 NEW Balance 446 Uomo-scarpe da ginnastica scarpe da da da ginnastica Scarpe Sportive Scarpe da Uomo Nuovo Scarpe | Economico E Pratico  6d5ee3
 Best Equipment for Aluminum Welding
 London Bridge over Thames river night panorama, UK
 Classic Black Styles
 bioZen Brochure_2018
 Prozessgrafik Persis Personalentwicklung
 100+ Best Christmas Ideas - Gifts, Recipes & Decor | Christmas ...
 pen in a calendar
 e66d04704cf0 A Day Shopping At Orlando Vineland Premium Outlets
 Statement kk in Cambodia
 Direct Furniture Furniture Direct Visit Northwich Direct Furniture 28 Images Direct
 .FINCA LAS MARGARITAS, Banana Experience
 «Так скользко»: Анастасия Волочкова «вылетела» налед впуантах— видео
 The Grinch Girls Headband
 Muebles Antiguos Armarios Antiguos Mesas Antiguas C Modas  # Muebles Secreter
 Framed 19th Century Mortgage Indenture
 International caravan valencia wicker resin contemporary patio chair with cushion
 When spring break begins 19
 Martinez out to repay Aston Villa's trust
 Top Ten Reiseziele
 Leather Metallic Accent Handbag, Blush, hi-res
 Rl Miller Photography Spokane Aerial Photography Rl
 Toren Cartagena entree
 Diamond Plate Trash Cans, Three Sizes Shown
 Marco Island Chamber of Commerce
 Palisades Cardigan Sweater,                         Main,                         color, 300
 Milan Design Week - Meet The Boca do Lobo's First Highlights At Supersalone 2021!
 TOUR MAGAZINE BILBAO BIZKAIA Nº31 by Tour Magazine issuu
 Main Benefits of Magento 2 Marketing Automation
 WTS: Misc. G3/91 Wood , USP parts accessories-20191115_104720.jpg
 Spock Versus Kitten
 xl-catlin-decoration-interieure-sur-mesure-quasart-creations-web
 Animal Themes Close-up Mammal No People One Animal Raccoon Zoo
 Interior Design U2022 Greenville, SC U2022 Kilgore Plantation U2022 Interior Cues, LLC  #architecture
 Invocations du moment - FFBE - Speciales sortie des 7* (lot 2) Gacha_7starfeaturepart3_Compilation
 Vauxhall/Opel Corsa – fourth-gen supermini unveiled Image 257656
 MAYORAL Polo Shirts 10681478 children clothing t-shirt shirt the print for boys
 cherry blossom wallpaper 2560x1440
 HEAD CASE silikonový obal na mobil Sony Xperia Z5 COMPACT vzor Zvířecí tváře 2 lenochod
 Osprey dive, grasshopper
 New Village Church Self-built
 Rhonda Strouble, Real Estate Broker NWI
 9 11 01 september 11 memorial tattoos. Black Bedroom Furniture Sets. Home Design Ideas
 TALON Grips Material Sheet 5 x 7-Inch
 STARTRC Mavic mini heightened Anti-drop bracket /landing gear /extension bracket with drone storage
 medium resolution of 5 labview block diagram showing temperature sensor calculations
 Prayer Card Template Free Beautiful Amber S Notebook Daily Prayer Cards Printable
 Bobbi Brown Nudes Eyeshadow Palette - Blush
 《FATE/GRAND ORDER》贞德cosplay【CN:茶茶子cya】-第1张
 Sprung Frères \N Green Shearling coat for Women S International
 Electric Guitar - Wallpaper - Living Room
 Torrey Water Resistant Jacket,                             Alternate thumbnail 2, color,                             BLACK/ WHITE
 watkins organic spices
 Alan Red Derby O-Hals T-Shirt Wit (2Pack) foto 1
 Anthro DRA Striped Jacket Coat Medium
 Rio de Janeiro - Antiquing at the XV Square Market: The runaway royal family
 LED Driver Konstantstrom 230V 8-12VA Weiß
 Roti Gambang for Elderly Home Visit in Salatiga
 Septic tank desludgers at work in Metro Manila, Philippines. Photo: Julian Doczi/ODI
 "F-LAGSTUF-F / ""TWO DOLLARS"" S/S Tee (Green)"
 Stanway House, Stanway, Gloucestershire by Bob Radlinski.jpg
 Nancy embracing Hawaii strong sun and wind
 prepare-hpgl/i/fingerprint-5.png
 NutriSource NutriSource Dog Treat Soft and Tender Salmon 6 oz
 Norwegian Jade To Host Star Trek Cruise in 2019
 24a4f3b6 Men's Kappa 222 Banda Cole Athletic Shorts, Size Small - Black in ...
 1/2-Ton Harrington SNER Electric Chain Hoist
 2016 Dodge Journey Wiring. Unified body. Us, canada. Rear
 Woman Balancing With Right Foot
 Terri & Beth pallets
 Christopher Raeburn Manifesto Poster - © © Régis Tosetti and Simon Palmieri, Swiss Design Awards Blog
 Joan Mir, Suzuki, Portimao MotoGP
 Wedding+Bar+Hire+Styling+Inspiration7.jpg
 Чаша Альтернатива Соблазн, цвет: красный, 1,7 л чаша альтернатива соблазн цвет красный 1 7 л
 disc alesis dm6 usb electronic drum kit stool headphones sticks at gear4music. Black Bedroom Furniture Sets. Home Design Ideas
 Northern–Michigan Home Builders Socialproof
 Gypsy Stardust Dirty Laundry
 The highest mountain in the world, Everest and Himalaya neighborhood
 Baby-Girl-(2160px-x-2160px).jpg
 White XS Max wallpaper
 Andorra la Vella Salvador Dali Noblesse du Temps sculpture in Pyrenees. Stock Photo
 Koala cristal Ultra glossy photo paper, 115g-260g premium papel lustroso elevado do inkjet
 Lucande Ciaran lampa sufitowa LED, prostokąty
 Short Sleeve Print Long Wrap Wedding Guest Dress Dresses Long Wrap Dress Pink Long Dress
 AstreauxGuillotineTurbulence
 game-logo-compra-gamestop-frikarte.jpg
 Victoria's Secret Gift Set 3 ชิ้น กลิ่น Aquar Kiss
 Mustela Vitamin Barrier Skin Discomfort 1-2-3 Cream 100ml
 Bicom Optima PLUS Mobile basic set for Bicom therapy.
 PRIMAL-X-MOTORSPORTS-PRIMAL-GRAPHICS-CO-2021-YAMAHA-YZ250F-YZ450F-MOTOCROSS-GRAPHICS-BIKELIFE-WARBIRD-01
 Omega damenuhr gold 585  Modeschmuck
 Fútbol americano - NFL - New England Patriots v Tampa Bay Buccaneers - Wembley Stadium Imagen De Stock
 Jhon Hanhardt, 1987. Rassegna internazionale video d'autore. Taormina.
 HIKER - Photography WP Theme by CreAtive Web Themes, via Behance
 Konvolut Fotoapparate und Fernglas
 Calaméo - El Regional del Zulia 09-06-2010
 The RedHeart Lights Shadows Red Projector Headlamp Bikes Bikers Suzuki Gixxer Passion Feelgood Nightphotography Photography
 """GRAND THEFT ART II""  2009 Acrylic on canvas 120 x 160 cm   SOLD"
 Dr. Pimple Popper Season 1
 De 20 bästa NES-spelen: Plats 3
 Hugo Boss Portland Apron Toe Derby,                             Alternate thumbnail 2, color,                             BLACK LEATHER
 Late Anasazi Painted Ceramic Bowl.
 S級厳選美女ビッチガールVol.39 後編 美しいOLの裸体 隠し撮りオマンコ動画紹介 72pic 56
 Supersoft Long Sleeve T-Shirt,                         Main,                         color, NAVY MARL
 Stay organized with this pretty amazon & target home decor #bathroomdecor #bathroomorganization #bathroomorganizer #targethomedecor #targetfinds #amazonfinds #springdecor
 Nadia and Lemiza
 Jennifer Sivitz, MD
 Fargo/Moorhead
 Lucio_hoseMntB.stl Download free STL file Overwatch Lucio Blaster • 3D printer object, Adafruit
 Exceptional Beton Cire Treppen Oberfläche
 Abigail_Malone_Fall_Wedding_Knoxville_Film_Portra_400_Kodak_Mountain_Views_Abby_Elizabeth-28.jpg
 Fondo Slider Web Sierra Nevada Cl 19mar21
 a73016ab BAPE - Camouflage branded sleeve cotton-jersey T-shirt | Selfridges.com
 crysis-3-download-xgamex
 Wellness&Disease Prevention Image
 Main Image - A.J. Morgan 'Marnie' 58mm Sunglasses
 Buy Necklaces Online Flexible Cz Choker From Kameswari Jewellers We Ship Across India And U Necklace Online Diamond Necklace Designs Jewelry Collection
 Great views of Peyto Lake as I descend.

···

▶ Task brief: Your answer must be the lines above, unchanged, from the first one through the line that holds "Interior Design U2022", inclusive, and no others.

▶ Expected output:
 NEW Balance 446 Uomo-scarpe da ginnastica scarpe da da da ginnastica Scarpe Sportive Scarpe da Uomo Nuovo Scarpe | Economico E Pratico  6d5ee3
 Best Equipment for Aluminum Welding
 London Bridge over Thames river night panorama, UK
 Classic Black Styles
 bioZen Brochure_2018
 Prozessgrafik Persis Personalentwicklung
 100+ Best Christmas Ideas - Gifts, Recipes & Decor | Christmas ...
 pen in a calendar
 e66d04704cf0 A Day Shopping At Orlando Vineland Premium Outlets
 Statement kk in Cambodia
 Direct Furniture Furniture Direct Visit Northwich Direct Furniture 28 Images Direct
 .FINCA LAS MARGARITAS, Banana Experience
 «Так скользко»: Анастасия Волочкова «вылетела» налед впуантах— видео
 The Grinch Girls Headband
 Muebles Antiguos Armarios Antiguos Mesas Antiguas C Modas  # Muebles Secreter
 Framed 19th Century Mortgage Indenture
 International caravan valencia wicker resin contemporary patio chair with cushion
 When spring break begins 19
 Martinez out to repay Aston Villa's trust
 Top Ten Reiseziele
 Leather Metallic Accent Handbag, Blush, hi-res
 Rl Miller Photography Spokane Aerial Photography Rl
 Toren Cartagena entree
 Diamond Plate Trash Cans, Three Sizes Shown
 Marco Island Chamber of Commerce
 Palisades Cardigan Sweater,                         Main,                         color, 300
 Milan Design Week - Meet The Boca do Lobo's First Highlights At Supersalone 2021!
 TOUR MAGAZINE BILBAO BIZKAIA Nº31 by Tour Magazine issuu
 Main Benefits of Magento 2 Marketing Automation
 WTS: Misc. G3/91 Wood , USP parts accessories-20191115_104720.jpg
 Spock Versus Kitten
 xl-catlin-decoration-interieure-sur-mesure-quasart-creations-web
 Animal Themes Close-up Mammal No People One Animal Raccoon Zoo
 Interior Design U2022 Greenville, SC U2022 Kilgore Plantation U2022 Interior Cues, LLC  #architecture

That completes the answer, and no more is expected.